2006-07-27 07:48:49 · 56 answers · asked by better_than_me 1 in Family & Relationships Marriage & Divorce

56 answers

Leave...and dont look back. Abuse is abuse if he has been in the military or not he needs to control himself.

2006-07-27 07:50:36 · answer #1 · answered by proffalken1975 4 · 1 0

Baby let me tell you. You can make him take counseling. You can file a protection order, and you have the choice to have him removed from you home, or a court order for counseling. This can be done. Just call your local court house. They will tell you the steps to be taken. He is not well right now. When my husband was in the military he killed people for a living. He didn't know who they were, and why he had to do it. He was told what to do it and he did it with no questions.
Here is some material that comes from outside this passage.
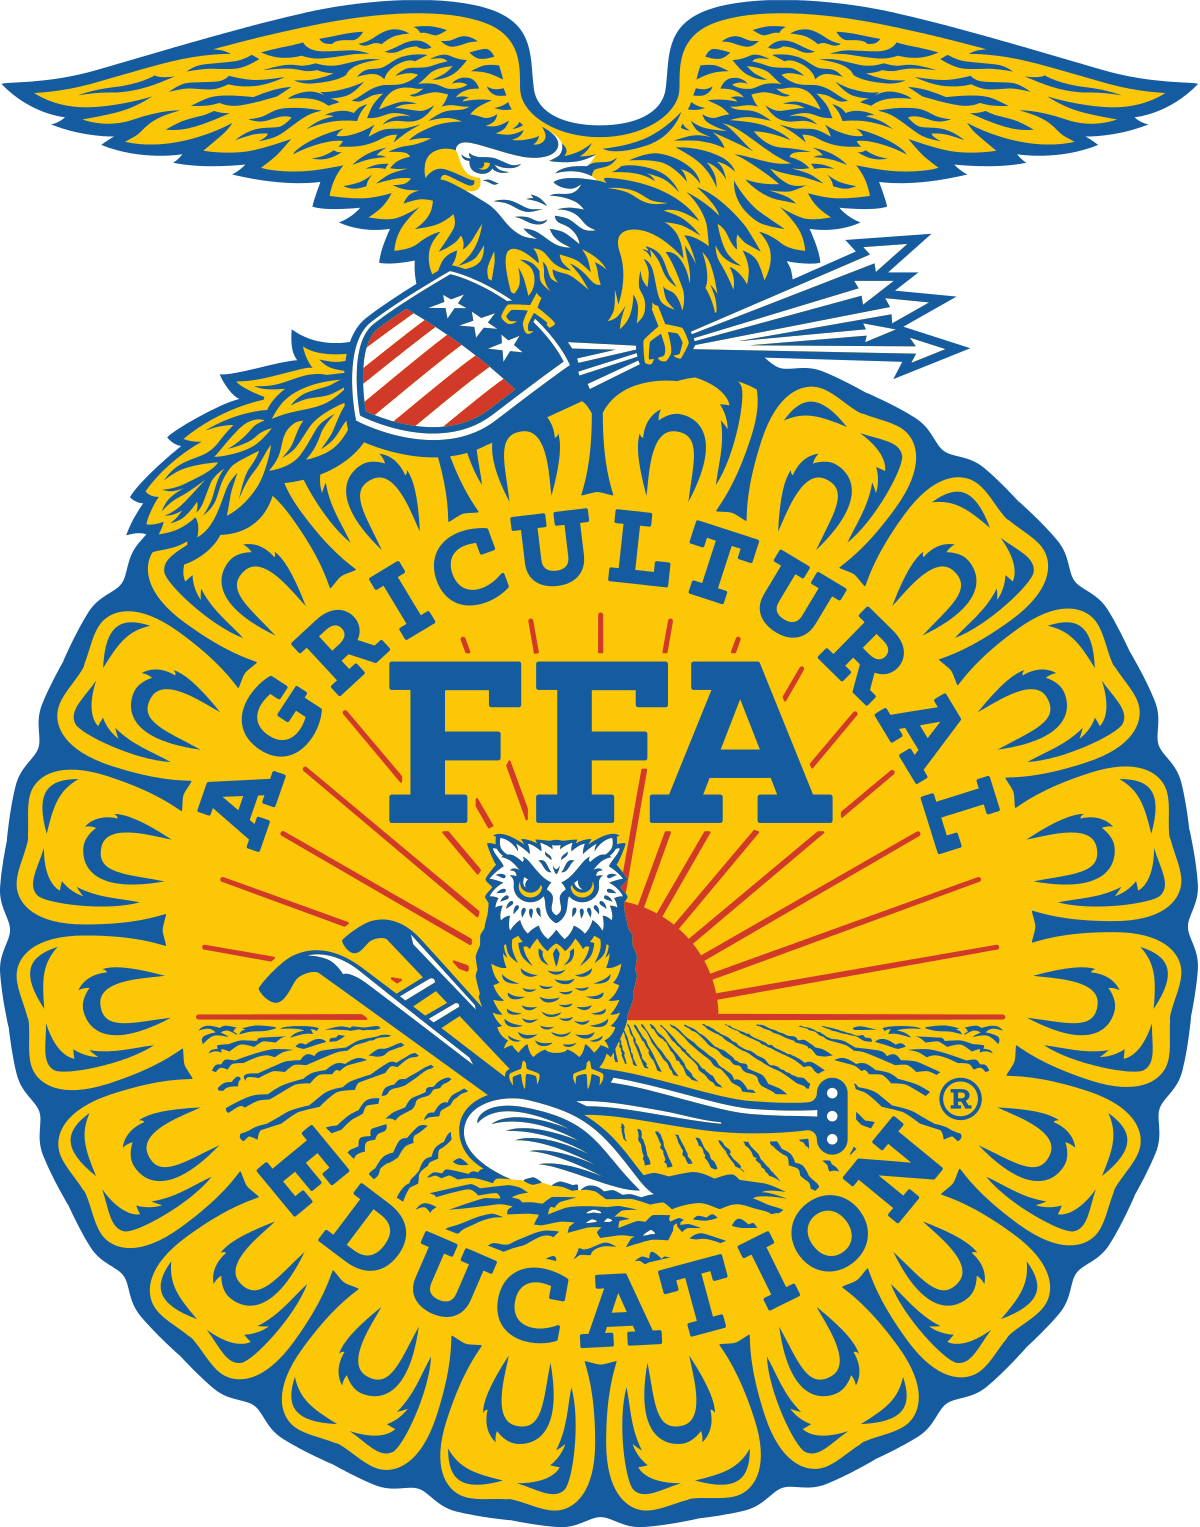 Greene County FFA Encourages Public Participation During National FFA
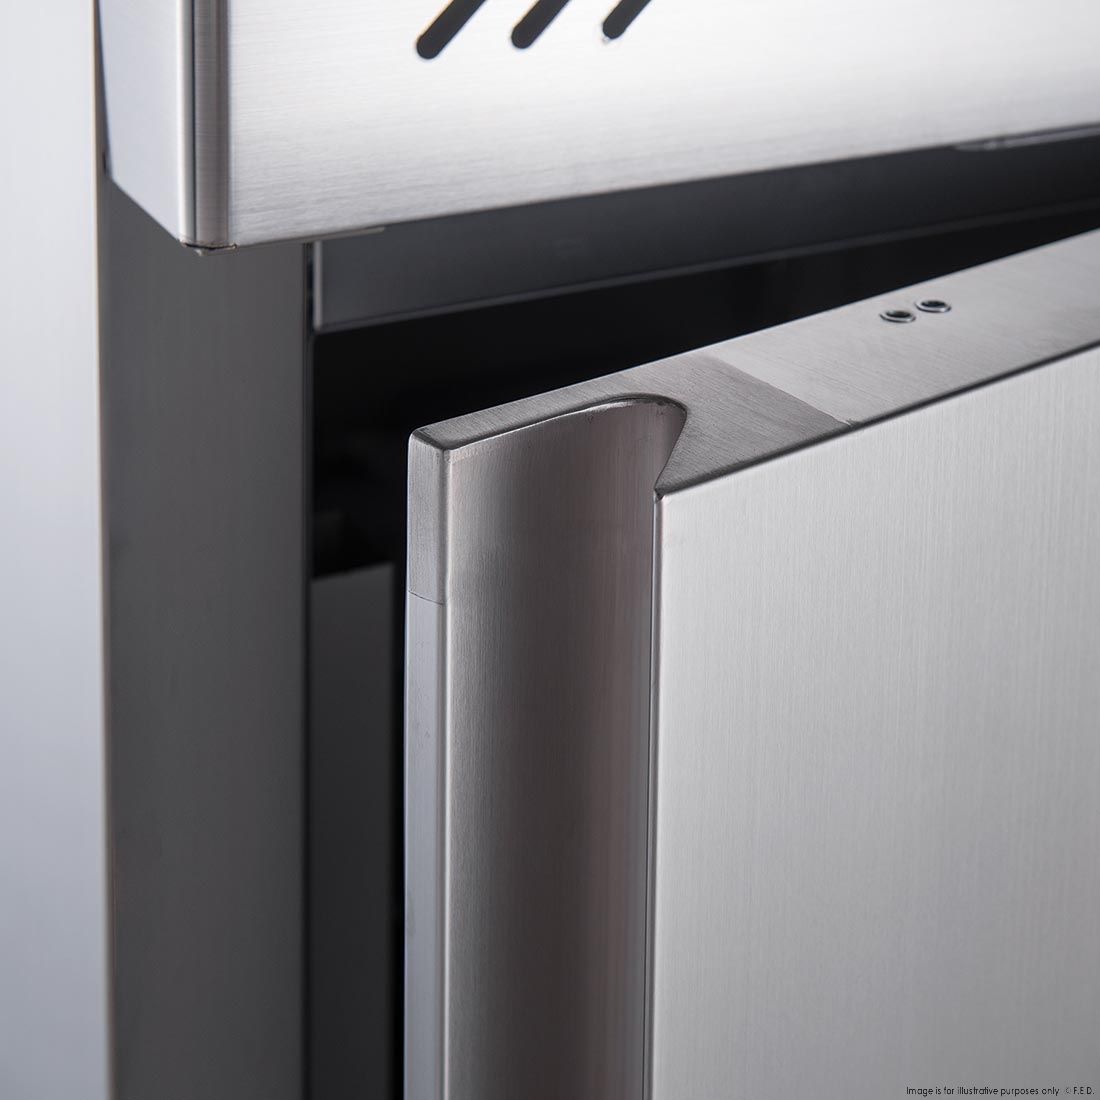 FED-X S/S Two Door Upright Freezer - XURF650S1V

The training they put those guys through is serious stuff. It's like they are being brain washed. When my husband came home the first time he attacked a man in a restaurant because he was being an a hole to the waitress. He beat him pretty badly. People not just a person had to pry him off the guy. Something in their mind clicks and they become this killing machine. Counseling and lots of it will help over time. It's not going to change over night.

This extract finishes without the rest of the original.